● **PROMPT**:
All lines from the one containing "Pair of Bronze" down to the one containing "Fried egg with", both ends included, are to be given again exactly; omit the rest of the listing below.

● **SUPPLIED MATERIAL**:
▶
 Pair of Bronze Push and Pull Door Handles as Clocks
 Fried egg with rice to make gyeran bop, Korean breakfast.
◀
▶
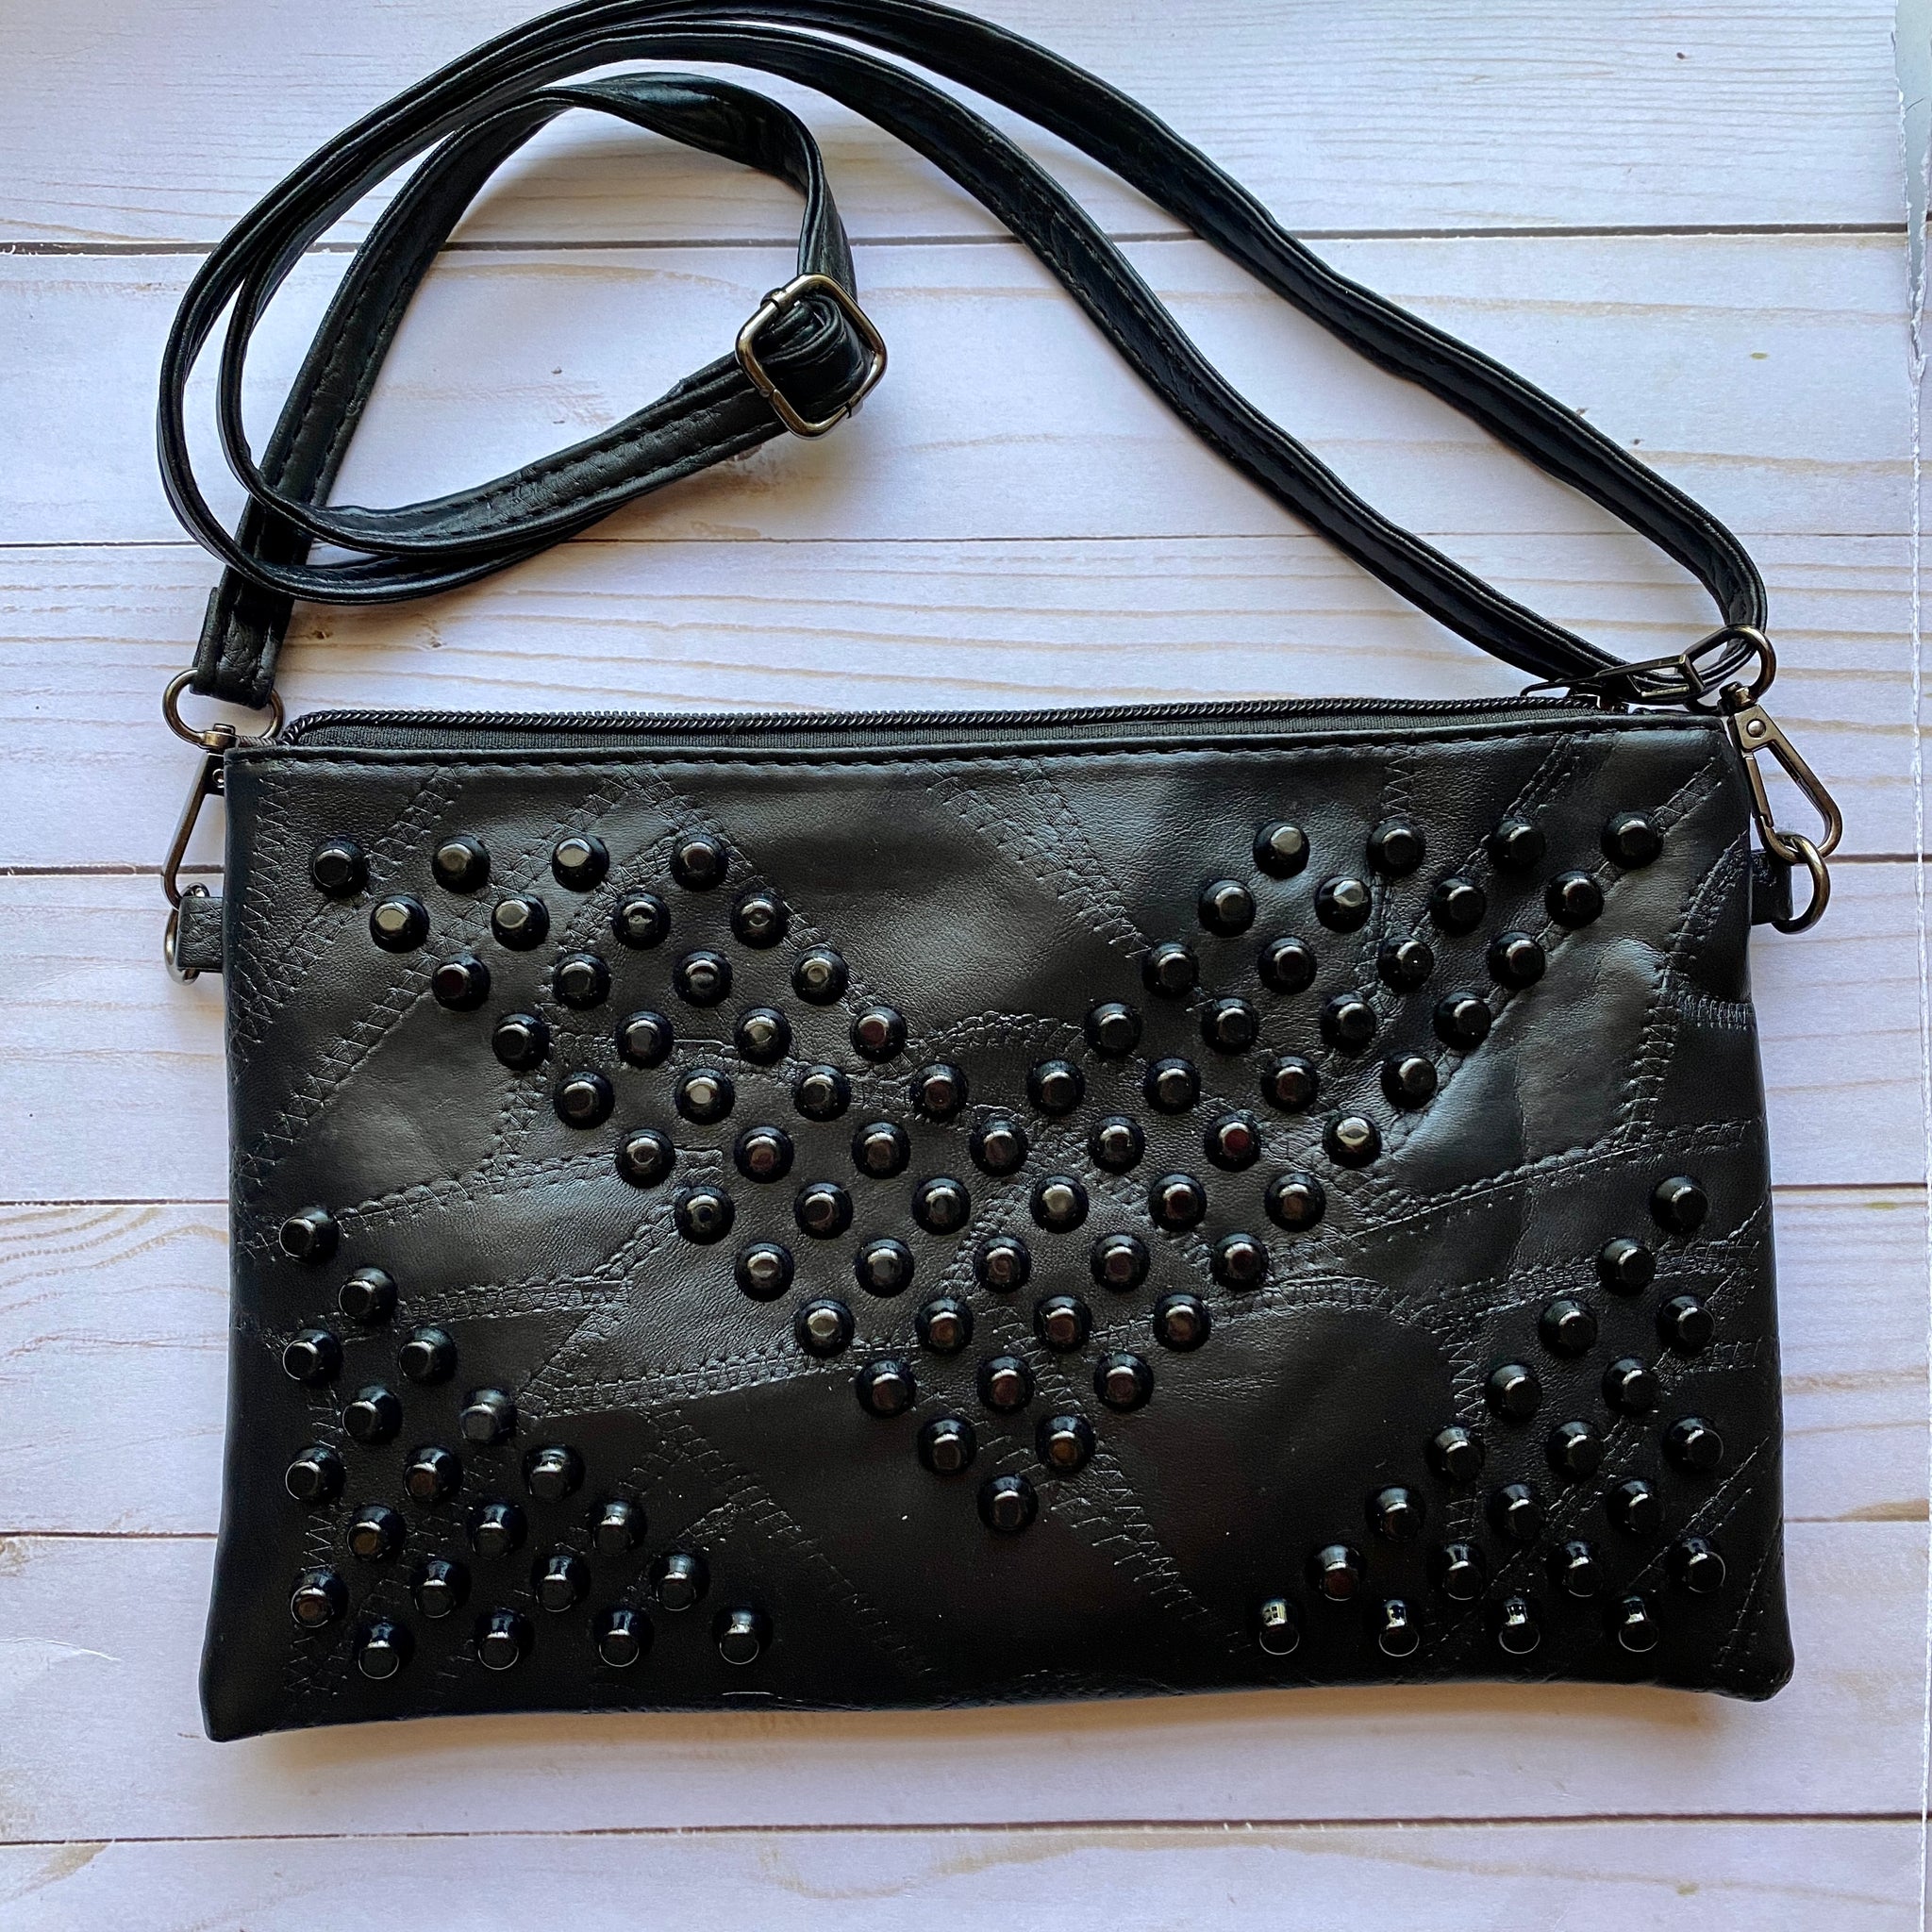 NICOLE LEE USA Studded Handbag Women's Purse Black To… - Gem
◀
▶
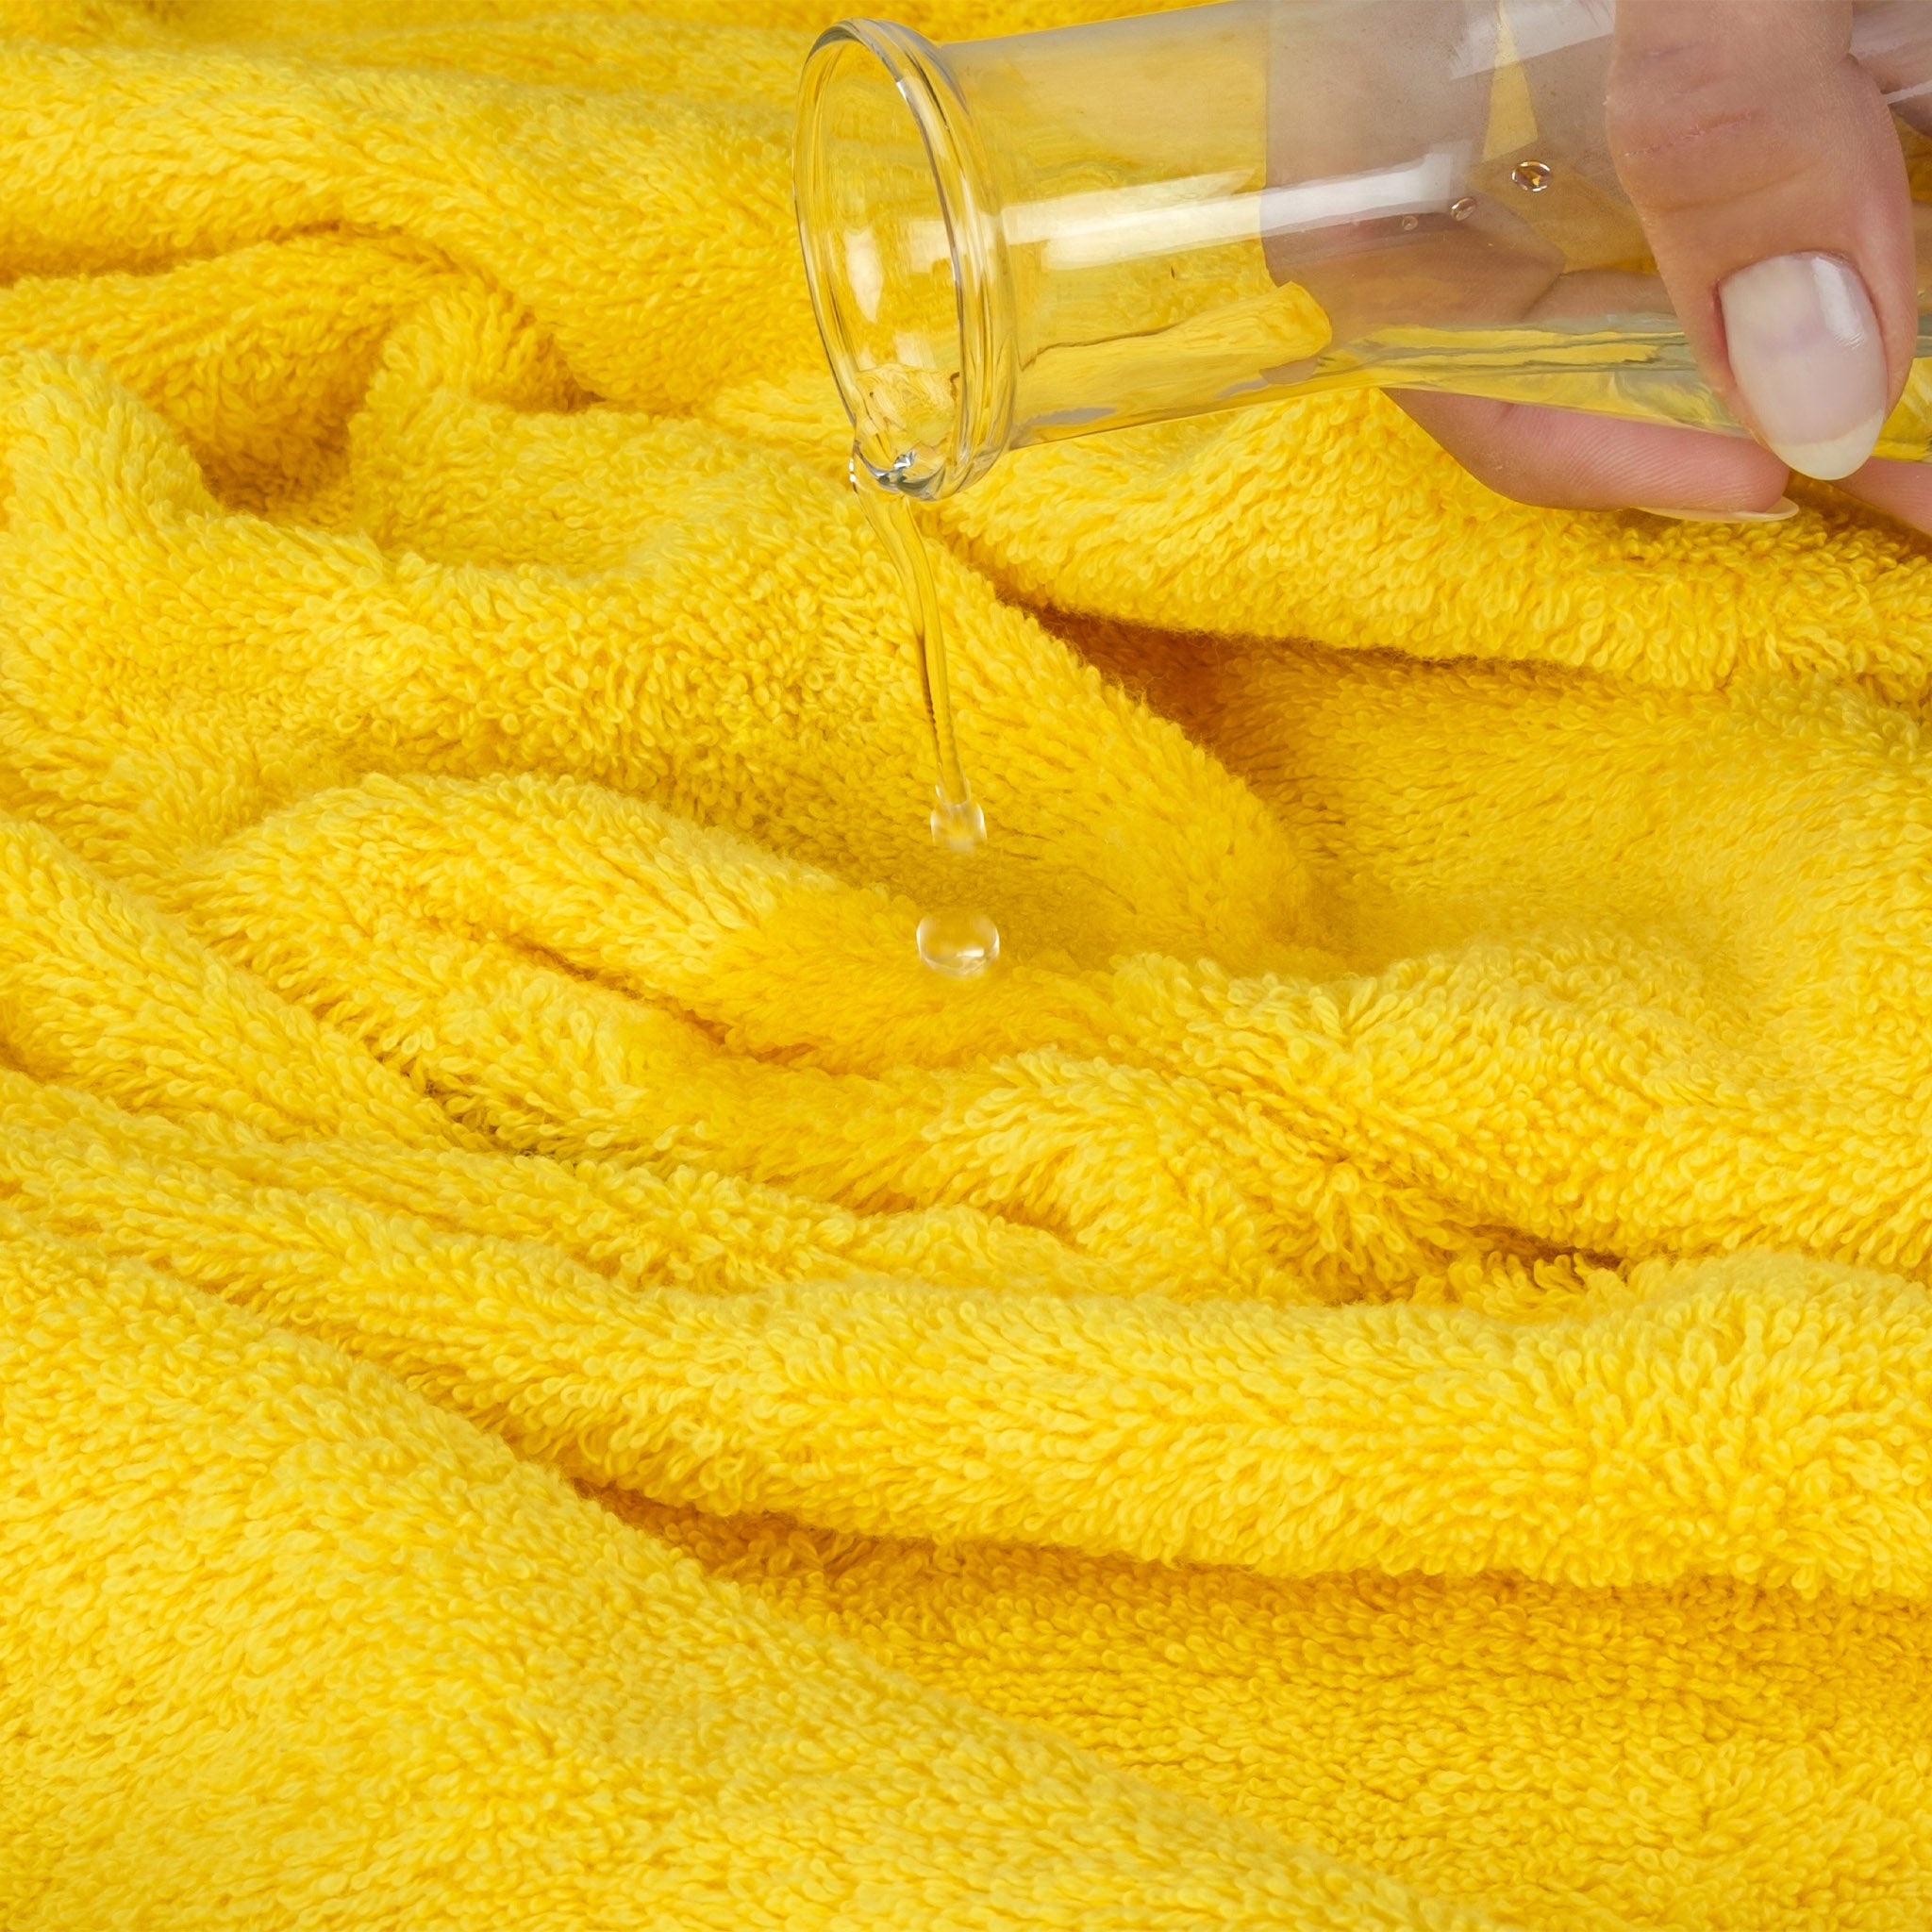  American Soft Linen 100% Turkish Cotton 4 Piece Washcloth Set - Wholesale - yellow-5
◀
● **TASK SOLUTION**:
 Pair of Bronze Push and Pull Door Handles as Clocks
 Fried egg with rice to make gyeran bop, Korean breakfast.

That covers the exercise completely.